Like most other public events during the COVID-19 pandemic, the dedication of the Eisenhower memorial was scaled back for health reasons. Social distancing was enforced for those at the invitation-only event. The dedication was livestreamed for those unable to attend.

“It’s important to note that Eisenhower’s legacy, as honored through the memorial, transcends one moment in time and must be shared with the world,” said Victoria Tigwell, deputy executive director of the Eisenhower Memorial Commission.

While Eisenhower remains an iconic, almost mythical figure to most of the world, his granddaughter has a more intimate memory of the man. She recalled accidentally leaving a corral gate unlocked while visiting Eisenhower at his farm in Gettysburg, Pennsylvania, after he left the White House. The horses pushed open the gate and stampeded straight for his beloved putting green, Ms. Eisenhower said.
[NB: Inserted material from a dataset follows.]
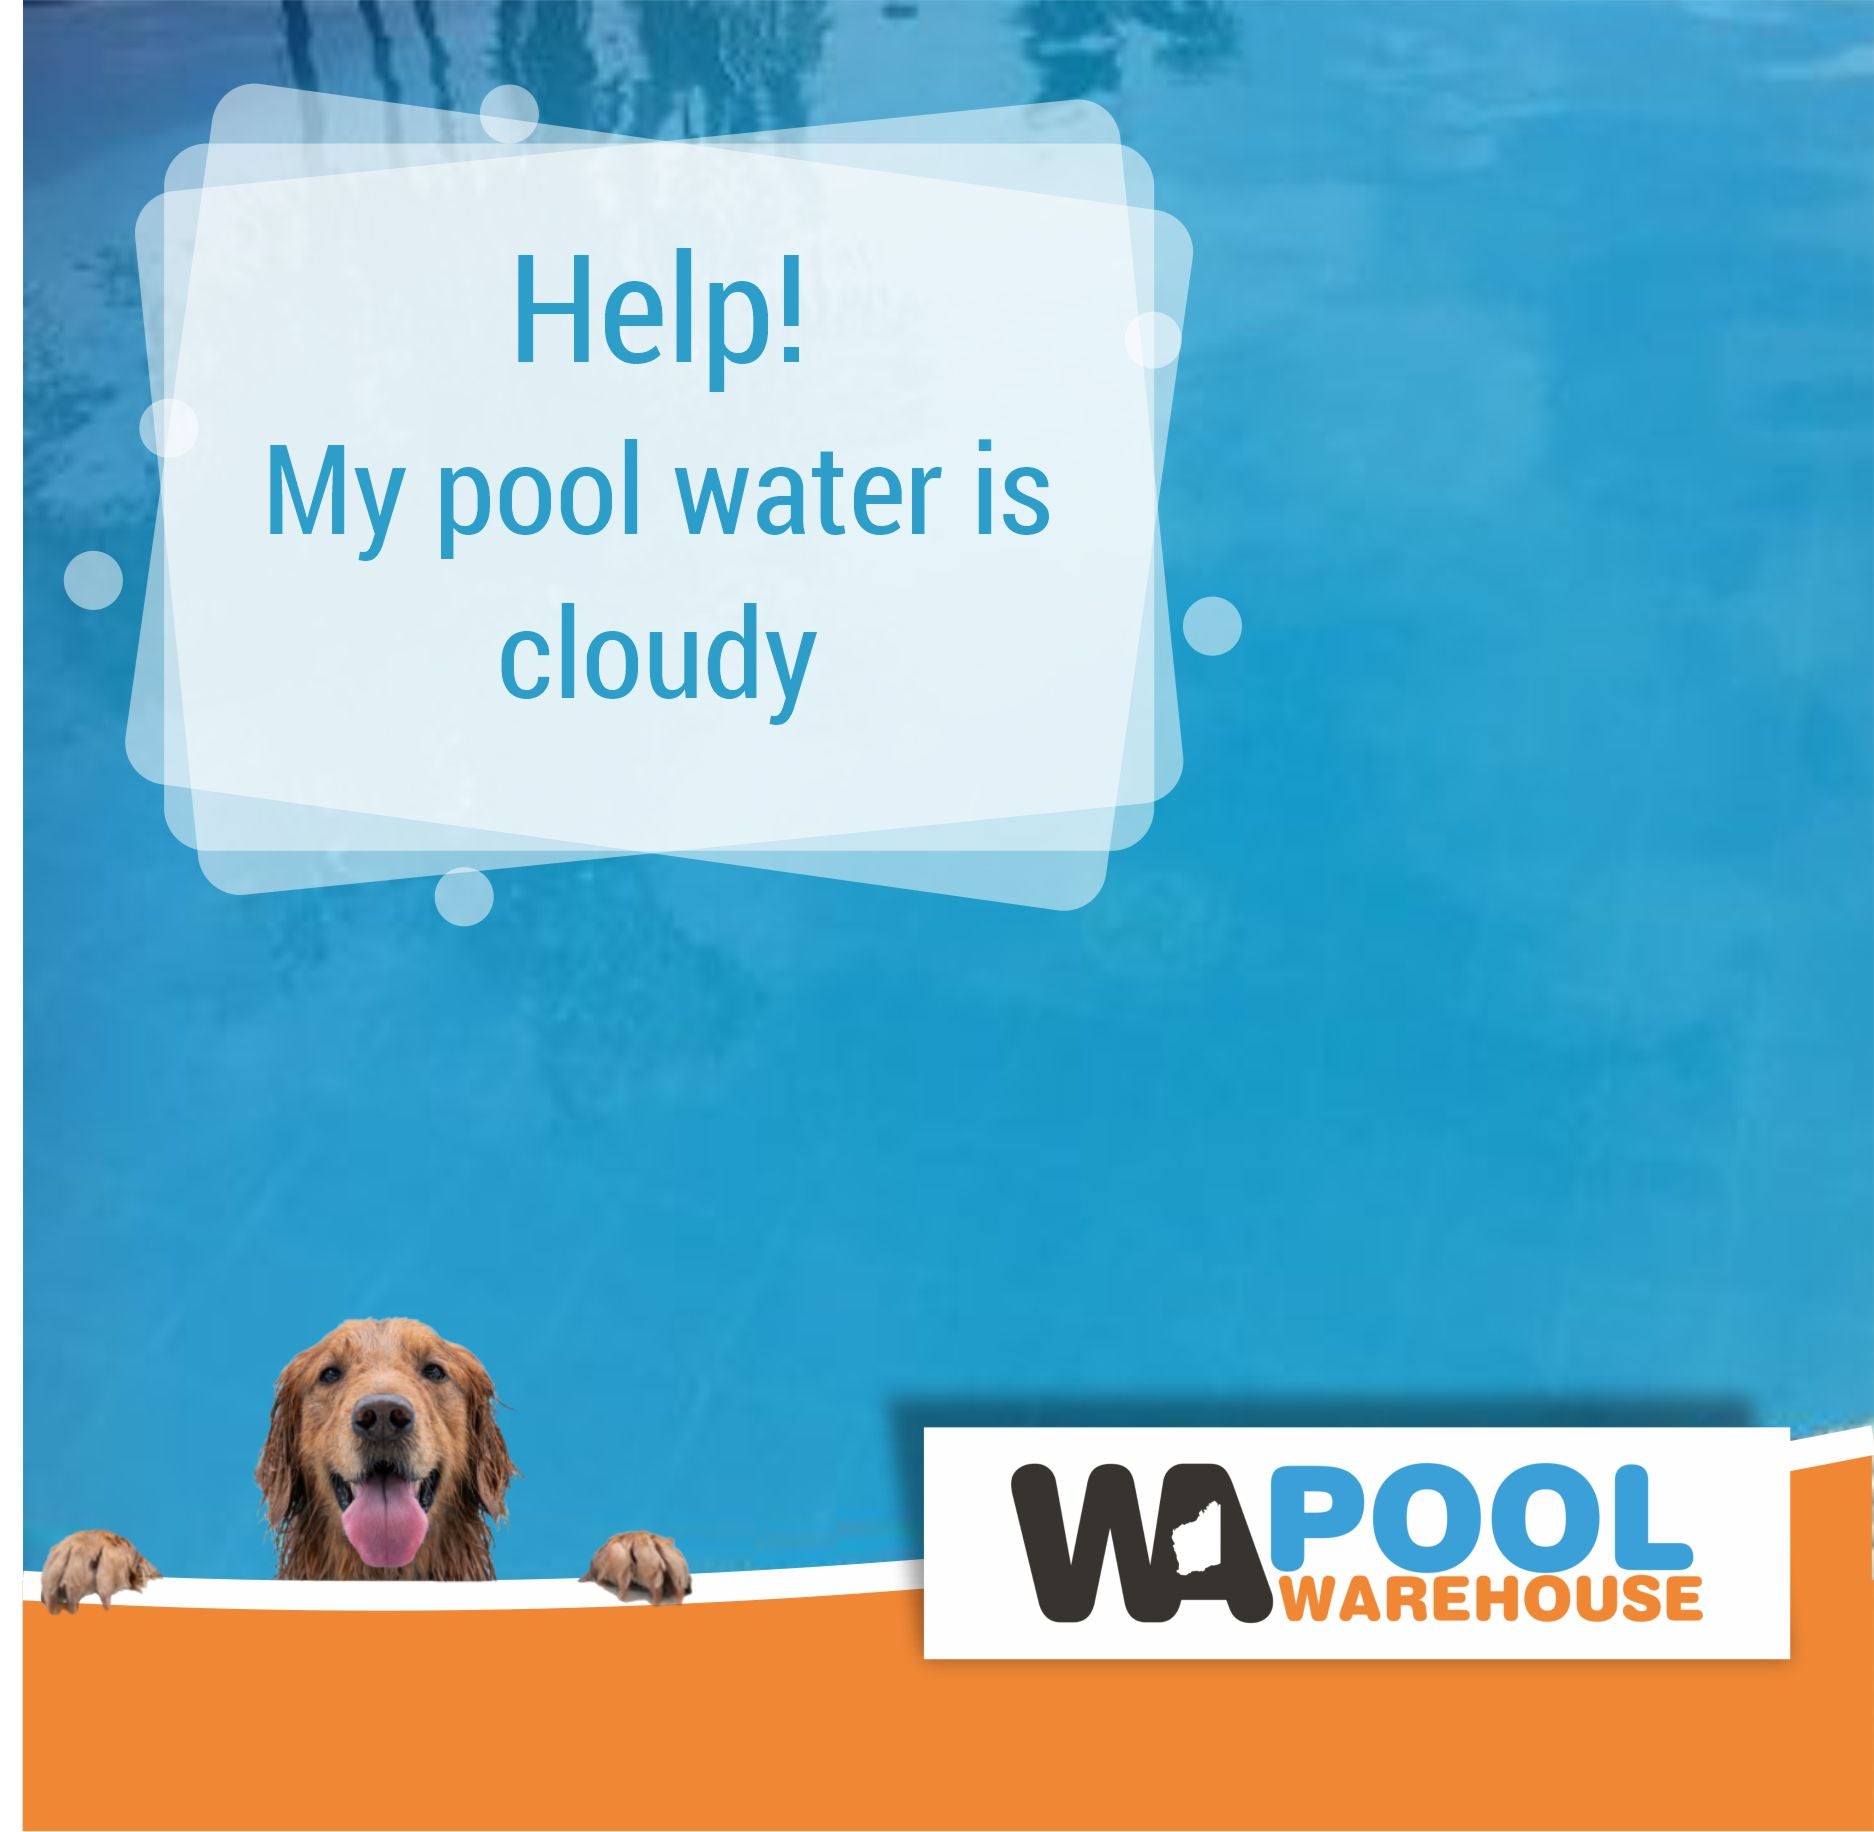 My pool is cloudy - how do I fix it?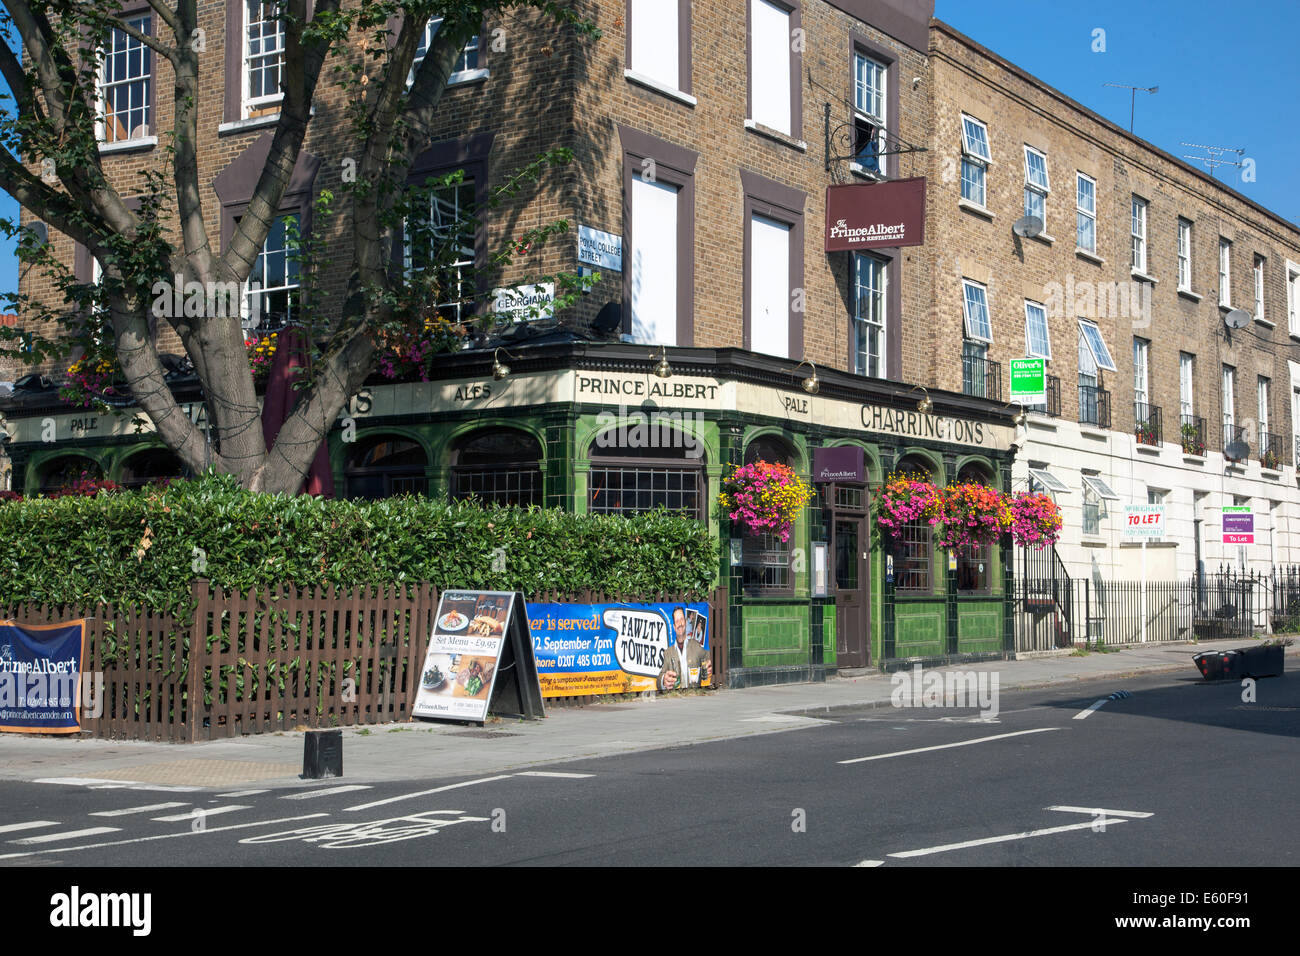 Royal College Street, Camden, United Kingdom - Prince Albert - a traditional pub in the area Stock Photo

It took about an hour to replace the divots and round up the horses.

“Then I had to go in and face the music. I was frankly terrified,” she said. “Not only did I ruin his golf green, but I was late for dinner.”

Although her grandmother, former first lady Mamie Eisenhower, was mortified, the former president was unflappable as usual.

“He had stayed very calm and watched it all. He looked at me and said, ‘I haven’t seen horses run like that since I was a kid in Abilene,’” she recalled. “He knew that I was not only devastated and apologized but I took responsibility.”

Because she owned up to her mistake, the matter was never mentioned again — even though the putting green had to be taken out the next year.

“He was clearly a disciplined person who could carry a tremendous burden and still focus on other people,” Ms. Eisenhower said. “That was at his core.”

The National Park Service has assumed responsibility for the memorial, which is open to the public.